Let’s make this simple. Title VII prohibits private and public employers (including state governments) from discriminating on the basis of “race, color, religion, sex, and national origin.” Title IX prohibits federally funded educational institutions from discriminating on the basis of “sex.” Neither statute prohibits sexual-orientation or gender-identity discrimination. For more than 20 years, LGBT activists have sought to amend federal law through the so-called Employment Non-Discrimination Act, a bill that would essentially add sexual orientation and gender identity as protected classes within federal nondiscrimination law. For more than 20 years, LGBT activists have failed. ENDA hasn’t passed even when Democrats controlled the presidency and both houses of Congress.

Rather than wait for the law to change, however, federal regulators and lawless federal judges have incrementally changed it by executive and judicial fiat, steadily expanding the scope of Title VII until July 2015, when the Equal Employment Opportunity Commission unilaterally amended the statute. In a document entitled “What You Should Know about EEOC and Enforcement Protections for LGBT Workers,” the Commission declared that it interprets and enforces Title VII’s prohibition of sex discrimination as forbidding any employment discrimination based on gender identity or sexual orientation” (boldface in original).

At a stroke, the EEOC decided that it was going to essentially enforce ENDA — a statute that doesn’t exist. Democracy wasn’t working fast enough for the Obama administration, so it decided to give authoritarianism a try.
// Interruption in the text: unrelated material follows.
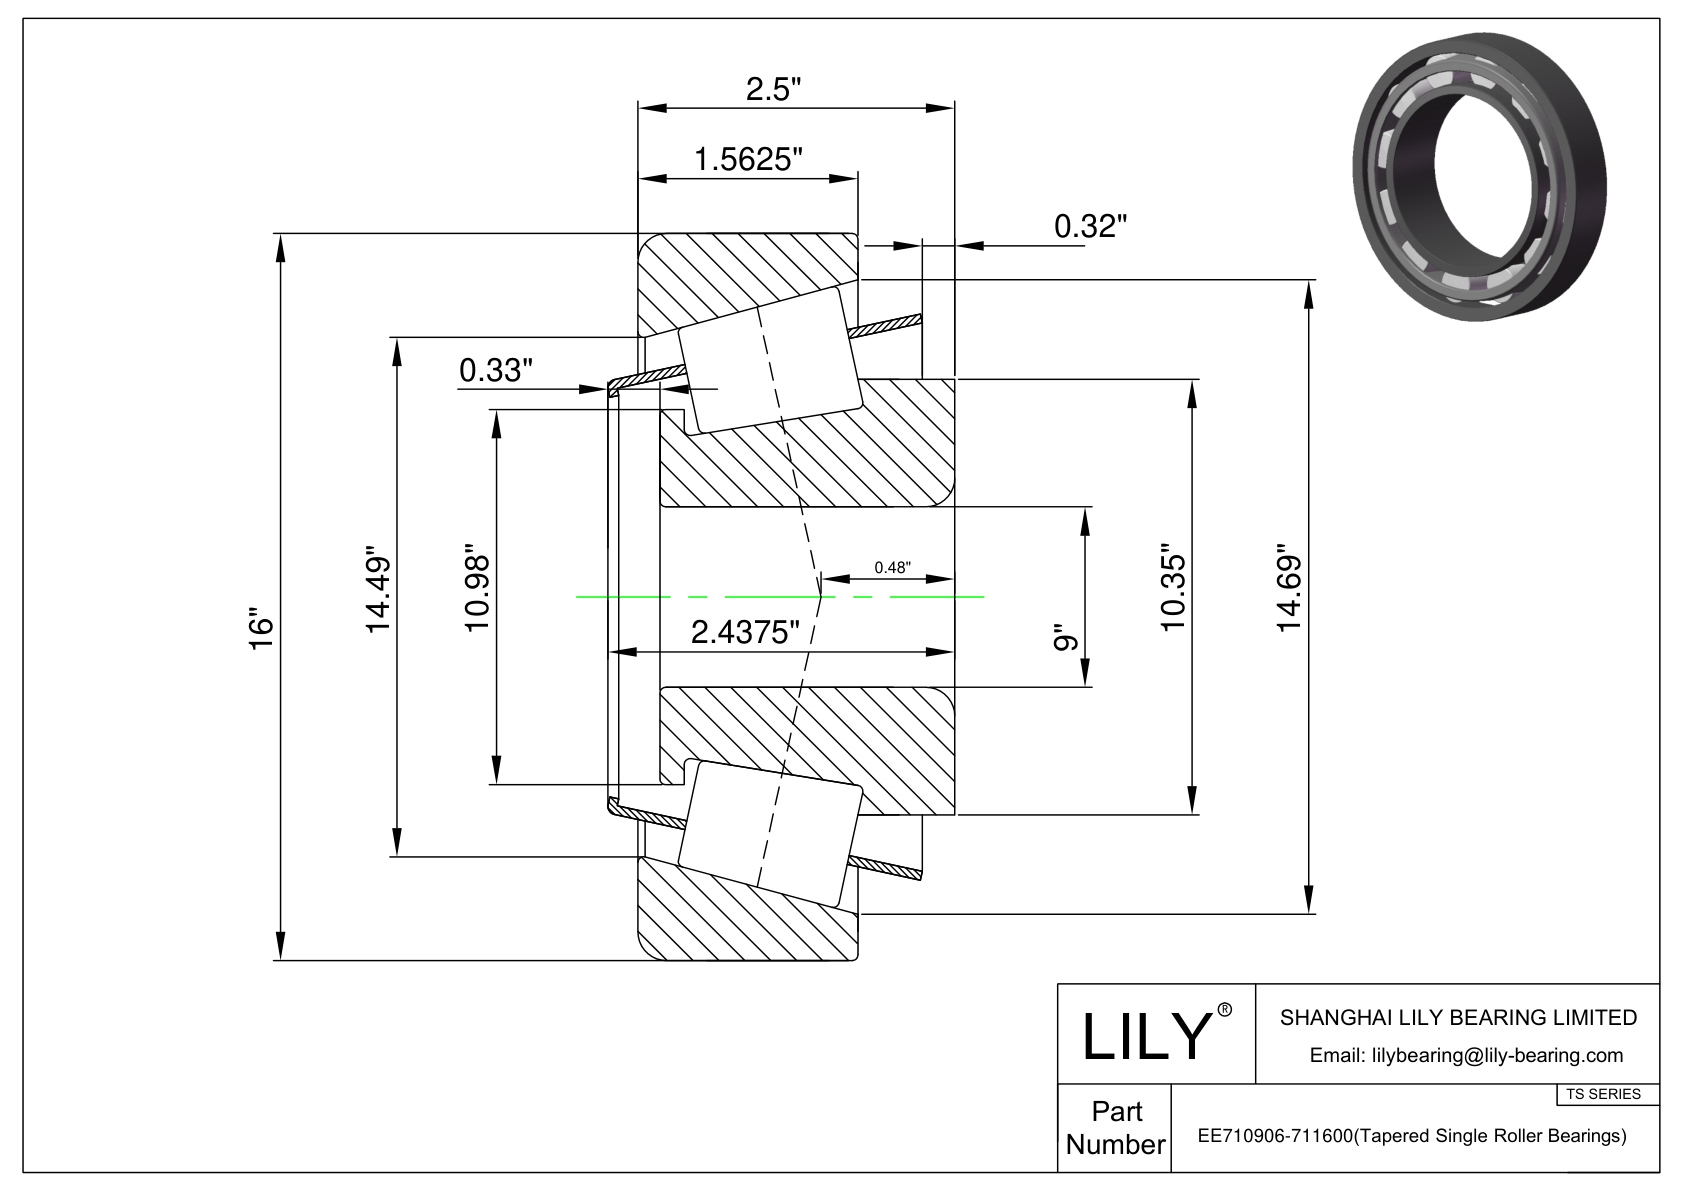 EE710906-711600 TS (Tapered Single Roller Bearings) (Imperial) cad drawing
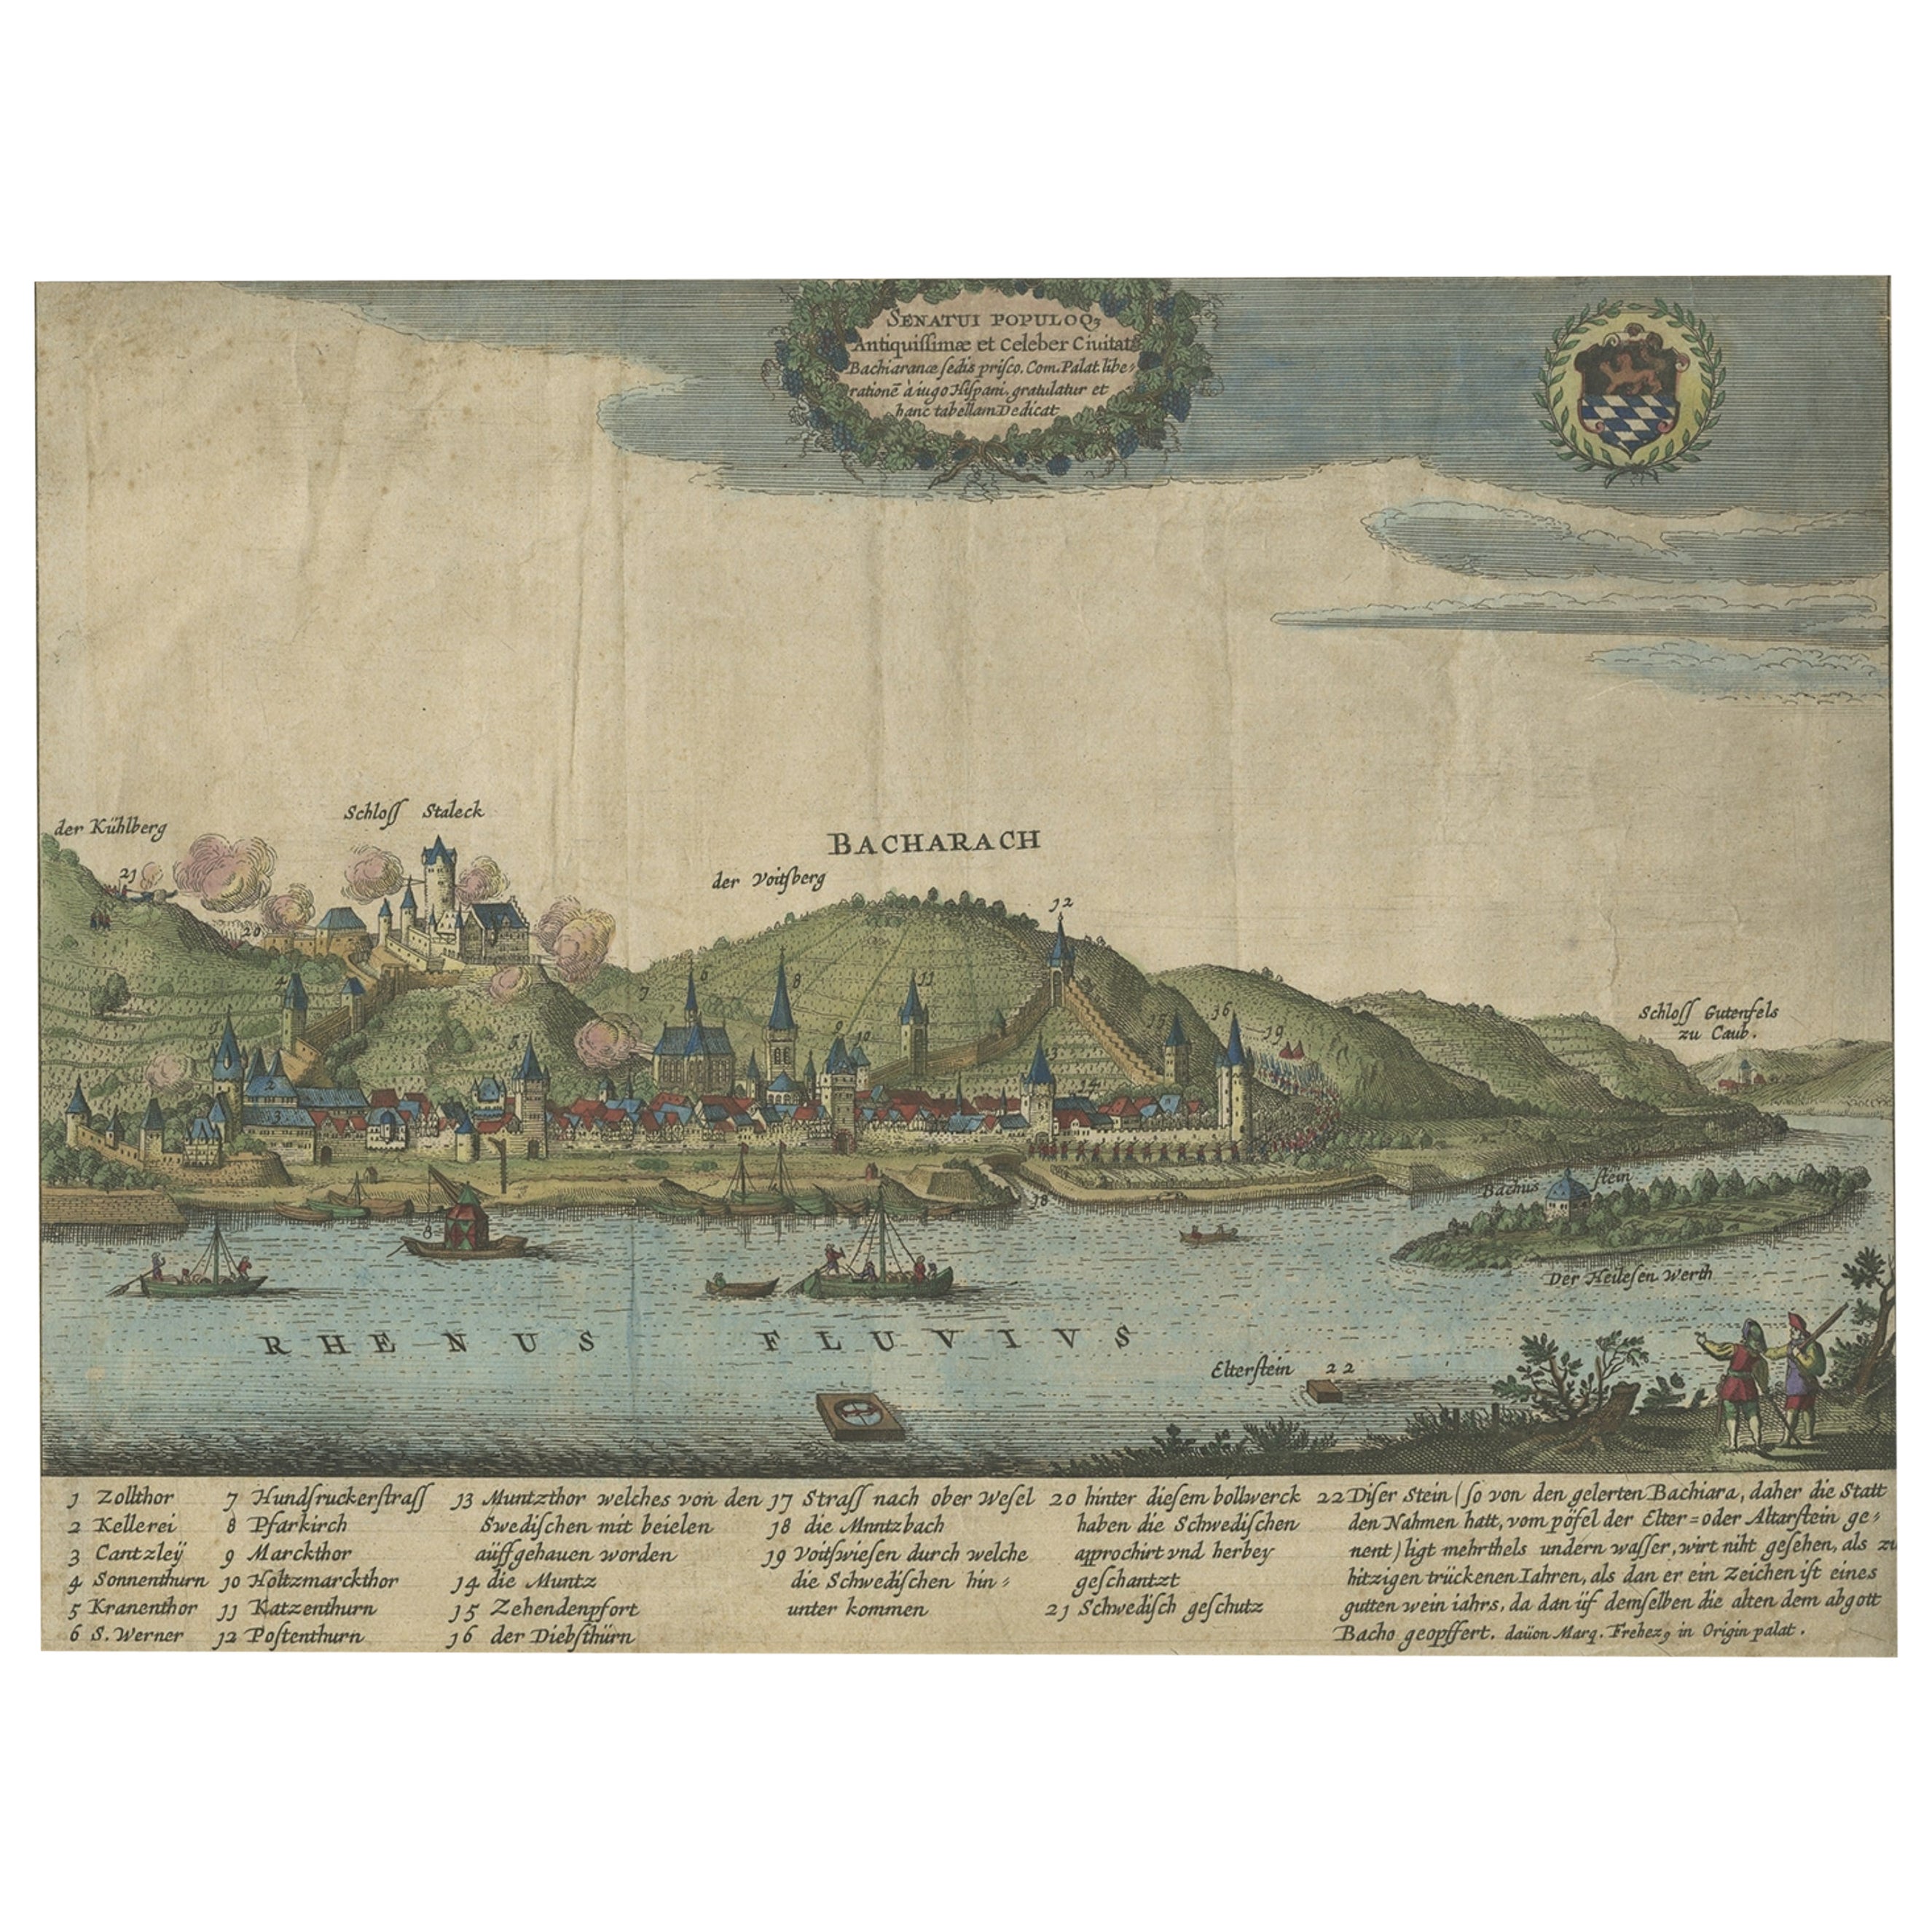 View of Bacharach, Mainz-Bingen District in Rhineland-Palatinate, Germany, 1650 For Sale

What coincidence—the Greensboro News & Record sees things differently. I love the way they note how Attorney general Loretta Lynch, who responded with her own lawsuit against North Carolina, “was a small child during the Greensboro lunch-counter sit-ins,” and as a result “knows the moment when she sees it, and she knows which side will prevail.” Unfortunately this might truer than we think, given the liberal bias in the federal court system.